7 Concepts library [concepts.lib]

7.6 Callable concepts [concepts.lib.callable]

7.6.1 General [concepts.lib.callable.general]

The concepts in this section describe the requirements on function objects ([function.objects]) and their arguments.

7.6.2 Concept Invocable [concepts.lib.callable.invocable]

The Invocable concept specifies a relationship between a callable type ( ISO/IEC 14882:2014 §[func.def]) F and a set of argument types Args... which can be evaluated by the library function invoke ([func.invoke]).

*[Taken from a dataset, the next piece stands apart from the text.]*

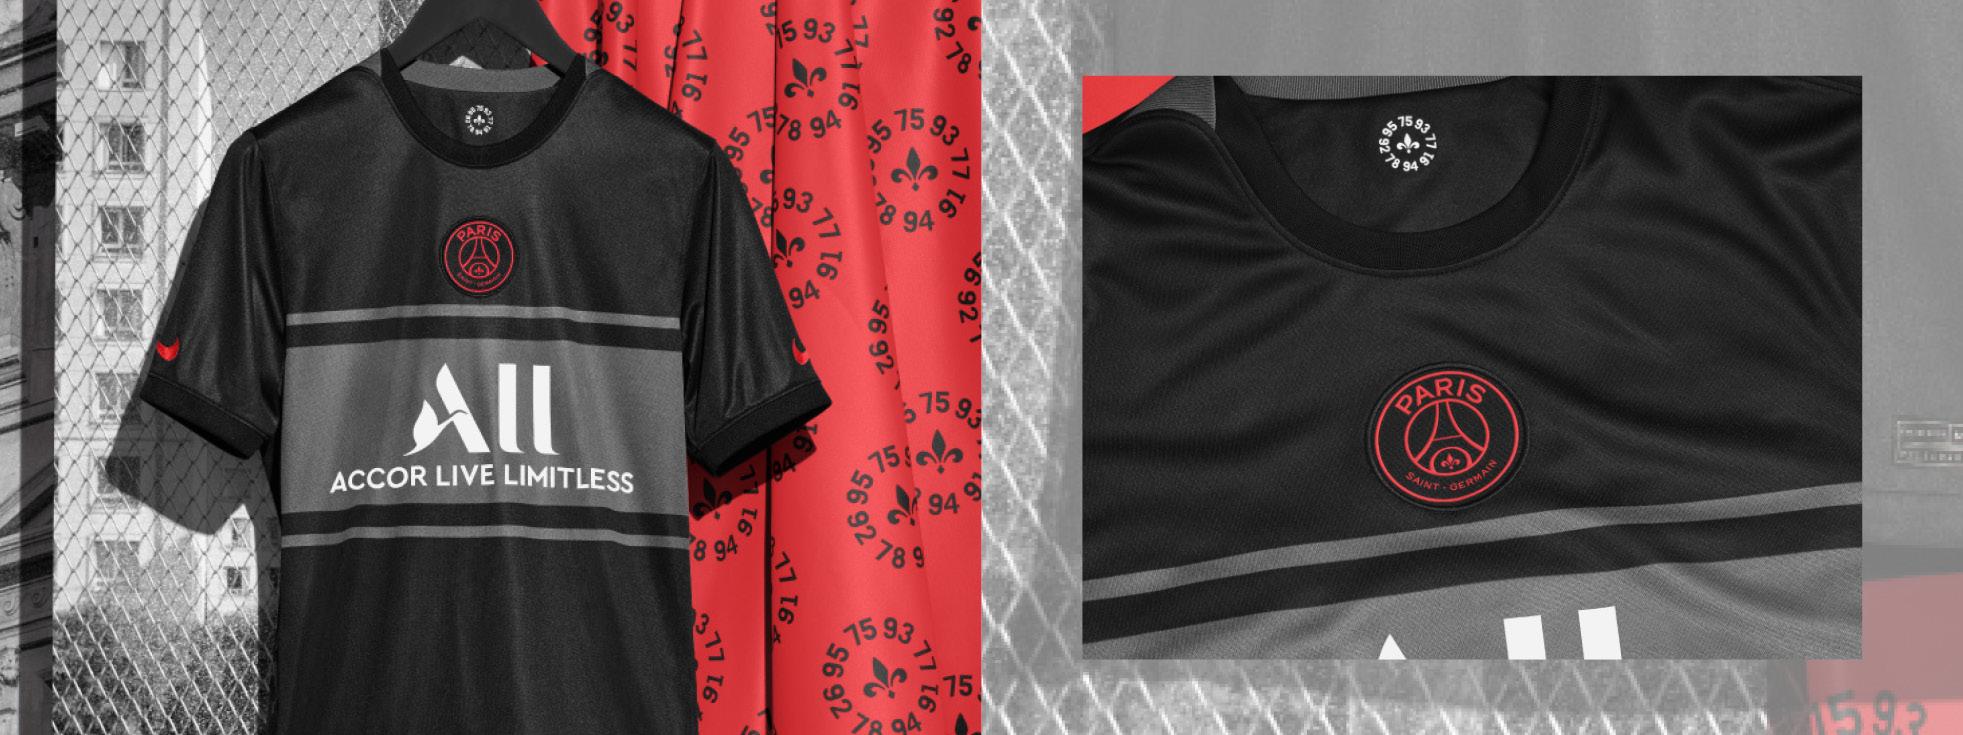 Paris Saint-Germain 3RD Kit 21-22

template <class F, class... Args> concept bool Invocable = requires(F&& f, Args&&... args) { invoke(std::forward<F>(f), std::forward<Args>(args)...); // not required to be equality preserving };

Note: Since the invoke function call expression is not required to be equality-preserving ([concepts.lib.general.equality]), a function that generates random numbers may satisfy Invocable. — end note ]

7.6.3 Concept RegularInvocable [concepts.lib.callable.regularinvocable]

template <class F, class... Args> concept bool RegularInvocable = Invocable<F, Args...>;

The invoke function call expression shall be equality-preserving and shall not modify the function object or the arguments ([concepts.lib.general.equality]). [ Note: This requirement supersedes the annotation in the definition of Invocable.  — end note ]

Note: A random number generator does not satisfy RegularInvocable. — end note ]

Note: The distinction between Invocable and RegularInvocable is purely semantic. — end note ]

7.6.4 Concept Predicate [concepts.lib.callable.predicate]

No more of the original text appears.